Außergerichtliche Kosten sind auch im Berufungsverfahren nicht zu erstatten.

Tatbestand:

Streitig ist zwischen den Beteiligten, ob bei der Klägerin eine Berufskrankheit (BK) nach Nr. 2108 der Anlage zur Berufskrankheiten-Verordnung (BKV) vorliegt.

Die 1948 geborene Klägerin war 1968 3 Monate bei der Schuhfabrik R. in D. am Förderband beschäftigt, von 1968 bis 1973 als Lageristin im Autohaus H. in D. und von 1973 bis 2001 als Galvaniseurin bei der W. S. GmbH & Co KG (Angaben der Klägerin vom 29.1.2001). Dort war sie nach den Feststellungen des Technischen Aufsichtsdienstes (TAD) zu 30% mit der Bedienung einer Reinigungsanlage und zu 70% mit der Bestückung von Gestellen beschäftigt.

Im Rahmen eines Klageverfahrens vor dem Sozialgericht (SG) Reutlingen (S 6 U 3041/02), in dem die Anerkennung einer auf gesundheitsschädigenden Dämpfen zurückzuführende BK gem. § 9 Abs. 2 Sozialgesetzbuch (SGB) VII begehrt wurde, machte die Klägerin geltend, dass bei ihr rezidivierende Lumboischialgien bei Bandscheibenprotrusion der Lendenwirbelsäule vorlägen und ihre Rückenbeschwerden auf das berufsbedingte Heben schwerer Lasten zurückzuführen seien. Die Beklagte zog Unterlagen aus dem Parallelverfahren bei. Daraus ist ersichtlich, dass die Klägerin gegenüber Dr. A., Arzt für Arbeits- und Umweltmedizin, der die Klägerin seit ca. 1990 arbeitsmedizinisch betreute, mehrmals über Rückenbeschwerden durch Auf- und Abhängen von Teilen geklagt hat. Die Gestelle hätten beladen manchmal bis 20 kg gewogen (Auskunft vom 22.3.2001). In der Stellungnahme des TAD vom 23.4.2001 ist ausgeführt, eine Hebe- und Tragetätigkeit von 12 bis 20 kg schweren Gestellen sei ca. 30 bis 35 Mal pro Schicht gegeben. Die Trageentfernung sei gering. Nur gelegentlich (ca. 5% der Zeit) sei eine größere Trageentfernung bis zu 7 Meter zu den Chrombädern zu unterstellen.

In dem vom Rentenversicherungsträger beigezogenen Entlassungsbericht der Z. Klinik St.

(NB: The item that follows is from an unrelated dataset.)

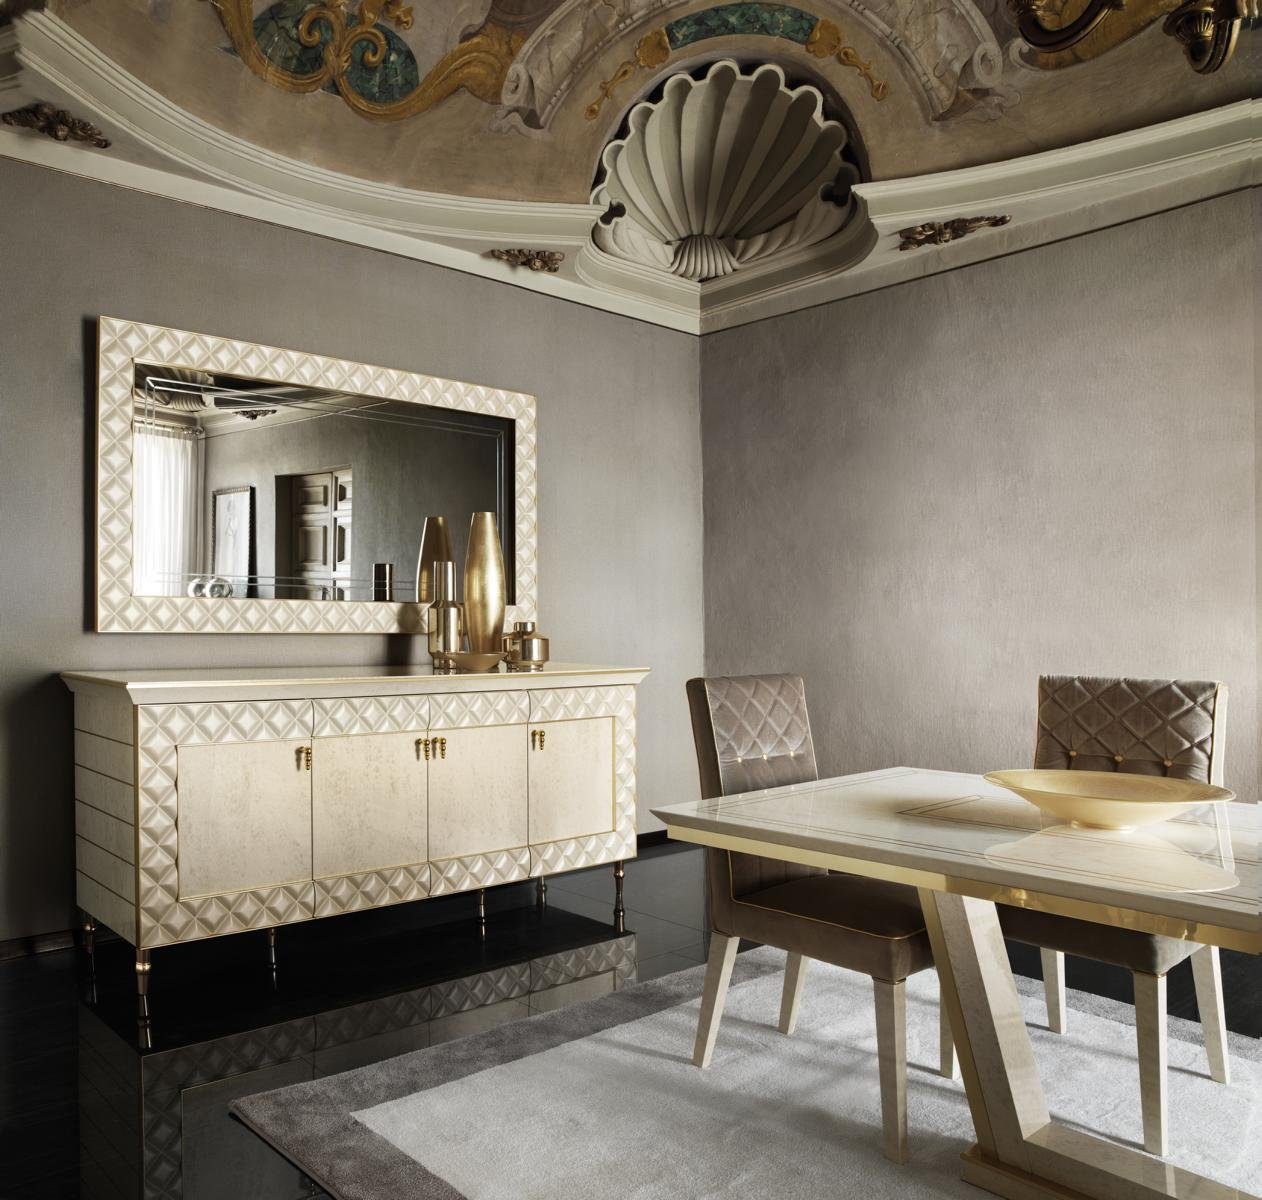 JVmoebel Essgruppe, 8 Stuhl Barock luxus Designer Esszimmer Rokoko Jugendstil arredoclassic™ Stühle Möbel royal

B. vom 5.7.2001 über ein Heilverfahren der Klägerin vom 15.5. bis 26.6.2001 werden folgende Diagnosen genannt: 1. Schulter-Arm-Syndrom rechts 2. Cephalgie 3. Anpassungsstörung bei dependenter Persönlichkeit 4. Immunthyreoditis 5. Verdacht auf Karpaltunnelsyndrom rechts. Der Befund an der Brust- und Lendenwirbelsäule wird wie folgt beschrieben: "Klopf- und Druckschmerz über den Dornfortsätzen der Brust- und Lendenwirbelsäule. Bei Rumpfbeuge freie Entfaltbarkeit der Brust- und Lendenwirbelsäule. Finger-Boden-Abstand 0 cm. Kein Wiederaufrichtschmerz. Lateralflexion nach rechts und links ohne nennenswerte Bewegungseinbuße. Rotation frei. IS-Gelenke frei. Foramina ischiadica und Valleix`sche Druckpunkte unauffällig".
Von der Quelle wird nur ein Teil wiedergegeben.